If a loop cannot define success, verification, or a terminal state, it stops as FailedSpecGap instead of pretending the next completion is done.

Why this exists

Long-running agents fail in predictable ways:

they forget what "done" meant after context compaction,
they optimize to visible tests,
they keep patching without measurable progress,
they declare success without independent evidence,
they have no typed way to say blocked, unsafe, unverifiable, or underspecified.

Loop Engineer makes those failure modes explicit contract states instead of vibes — a concrete, gate-backed reference implementation of loop engineering: contracts, typed termination, and health metrics for long-running agent loops.

30-second demo

git clone https://github.com/SollanSystems/loop-engineer.git
cd loop-engineer

python3 -m loop doctor examples/coverage-repair
python3 -m loop inspect examples/coverage-repair

doctor validates the contract objects (the real output also includes a paths block listing every resolved contract file; omitted here for brevity):

{
  "ok": true,
  "schemas_checked": [
    "loop-engineer/manifest@1",
    "loop-engineer/state@1",
    "loop-engineer/tasks@1",
    "loop-engineer/terminal@1"
  ],
  "issues": []
}

inspect is a static contract linter: it scores the loop contract's structure — what proof machinery is present and what is missing — without running the loop:

{
  "target": "examples/coverage-repair",
  "score": 90,
  "terminal_states_covered": 7,
  "present": [
    "defines verifiable success criteria",
    "independent verification",
    "approval gates on side-effects",
    "false-completion defense (held-out / anti-cheat)",
    "all 7 terminal states reachable"
  ],
  "gaps": [
    "no plan-then-execute discipline for untrusted/web reads (prompt-injection surface)"
  ],
  "verdict": "strong"
}

Both commands accept either a workspace root or its .loop/ directory.

Core guarantees

Typed termination: every run exits through exactly one of 7 terminal states.
Evidence before completion: a task is done only when it maps to a success criterion, a verifier passes, and evidence is recorded — not when the agent stops talking.
Externalized state: loop status lives in files, not chat memory.
Bounded repair: repair attempts are capped and measured.
False-completion defense: held-out gates and anti-cheat scans designed to catch verifier gaming.

Contract anatomy

A loop contract is a repo-native directory — a small on-disk "repo-OS" — that externalizes intent, queue state, runtime state, verification, approvals, and terminal outcome:

<workspace>/
  AGENTS.md              # short entrypoint: where to find the contract
  SPEC.md                # what done means: success criteria + evidence rules
  WORKFLOW.md            # gates, budgets, repair cap, terminal states
  TASKS.json             # machine-readable task queue
  RUNLOG.md              # append-only iteration history
  EVALS/                 # datasets, rubrics, regressions, traces
  scripts/
    verify-fast          # cheap deterministic gate
    verify-full          # full deterministic gate
    verify-safety        # safety / approval / injection checks
    judge-rubric         # advisory rubric judge
  .loop/
    manifest.yaml        # contract metadata
    state.json           # live FSM cursor
    terminal_state.json  # final exit record, written once
    artifacts/           # evidence bundles and intermediate outputs
    approvals/           # approval requests and resolutions
    checkpoints/         # recoverable snapshots
    memory/              # run summaries and durable lessons

The contract split is deliberate:

SPEC.md defines success.
WORKFLOW.md defines how the loop is allowed to operate.
TASKS.json defines the executable queue.
RUNLOG.md records human-readable history.
.loop/state.json is the machine source of truth while the loop runs.
.loop/terminal_state.json records the final outcome (the resolver also accepts it at the workspace root).

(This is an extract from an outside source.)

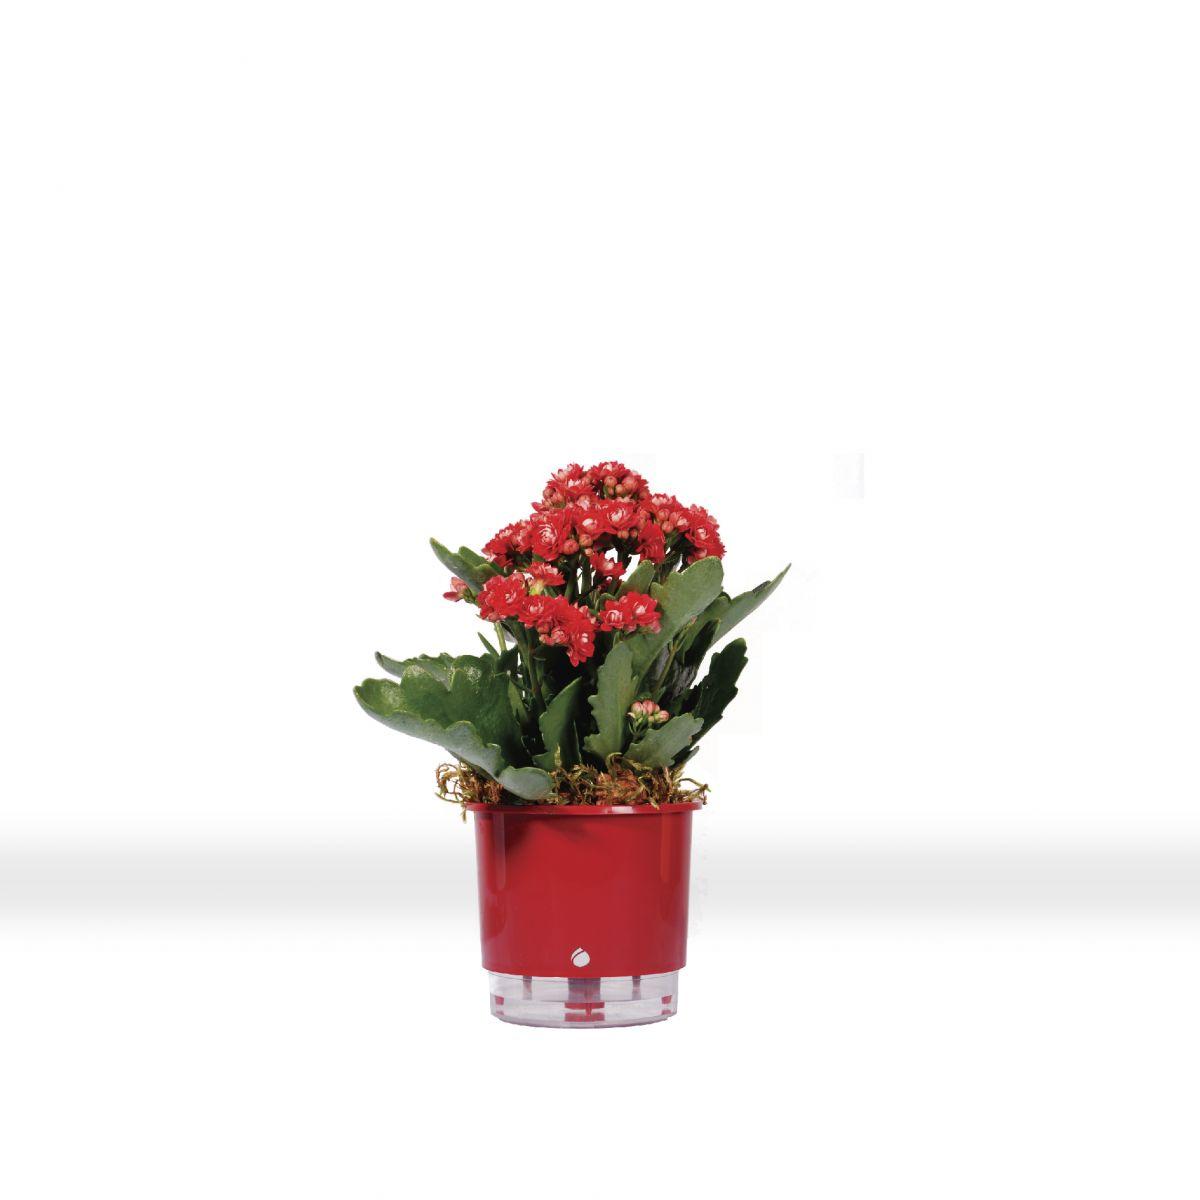 Vaso autoirrigável Raiz PEQUENO 12 cm X 11 cm
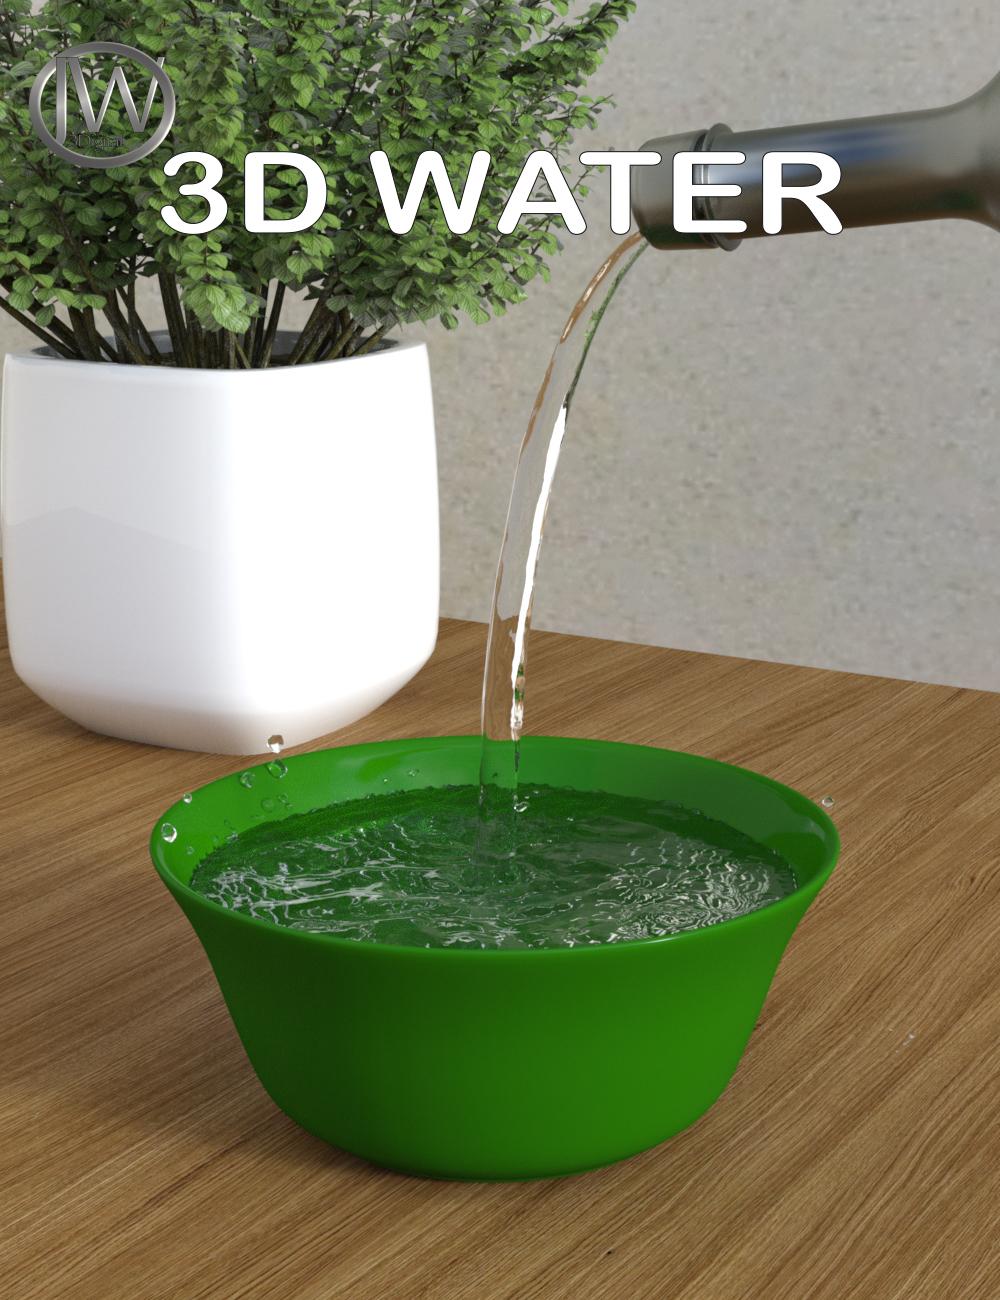 JW 3D Water Props by: JWolf, 3D Models by Daz 3D

A task is not done because an agent says it is done. A task is done only when it maps to a success criterion, its verifier passes, and evidence is recorded.

See reference/repo-os-contract.md for the canonical artifact schemas.

Honest termination model

Loop Engineer does not allow a vague "completed." Every run exits through exactly one named state:

State	When
`Succeeded`	Verification passes; all acceptance criteria are met.
`FailedUnverifiable`	Success or failure cannot be confirmed because verification is insufficient.
`FailedBlocked`	The loop cannot proceed because of a tool, permission, dependency, or external blocker.
`FailedBudget`	Time or cost budget is exhausted.
`FailedSafety`	Safety, policy, or approval risk is detected.
`FailedSpecGap`	The objective is underspecified; success criteria cannot be defined.
`AbortedByHuman`	The operator explicitly stops the run.

Install

Portable validator / inspector

No Claude Code plugin is required to validate or inspect a loop contract. From the cloned repo root:

python3 -m loop doctor /path/to/workspace
python3 -m loop inspect /path/to/workspace

To run it against a loop in any other directory, install the core once (editable):

pip install -e .            # optional faster manifest parsing: pip install -e ".[yaml]"
python3 -m loop doctor /path/to/workspace

python3 -m loop resolves the bundled loop/ package from the repo root; pip install -e . puts it on your path so the CLI works from any directory. The core is pure-stdlib — PyYAML is an optional extra, not a requirement.

The portable core lives in loop/ and validates schema-bearing artifacts in schemas/:

loop-engineer/manifest@1
loop-engineer/state@1
loop-engineer/tasks@1
loop-engineer/terminal@1

Claude Code plugin

claude plugin marketplace add SollanSystems/loop-engineer
claude plugin install loop-engineer@loop-engineer

Restart Claude Code to load all 9 skills. (Local dev: clone the repo and run claude plugin marketplace add "$PWD" instead.)

Requirements: Python 3.10+ for the portable validator/inspector; Claude Code for the plugin — no other dependencies. Optional integrations (e.g. claude-code-orchestration for /verify-slice) are layered on when present and never required; every skill runs on the bundled core alone.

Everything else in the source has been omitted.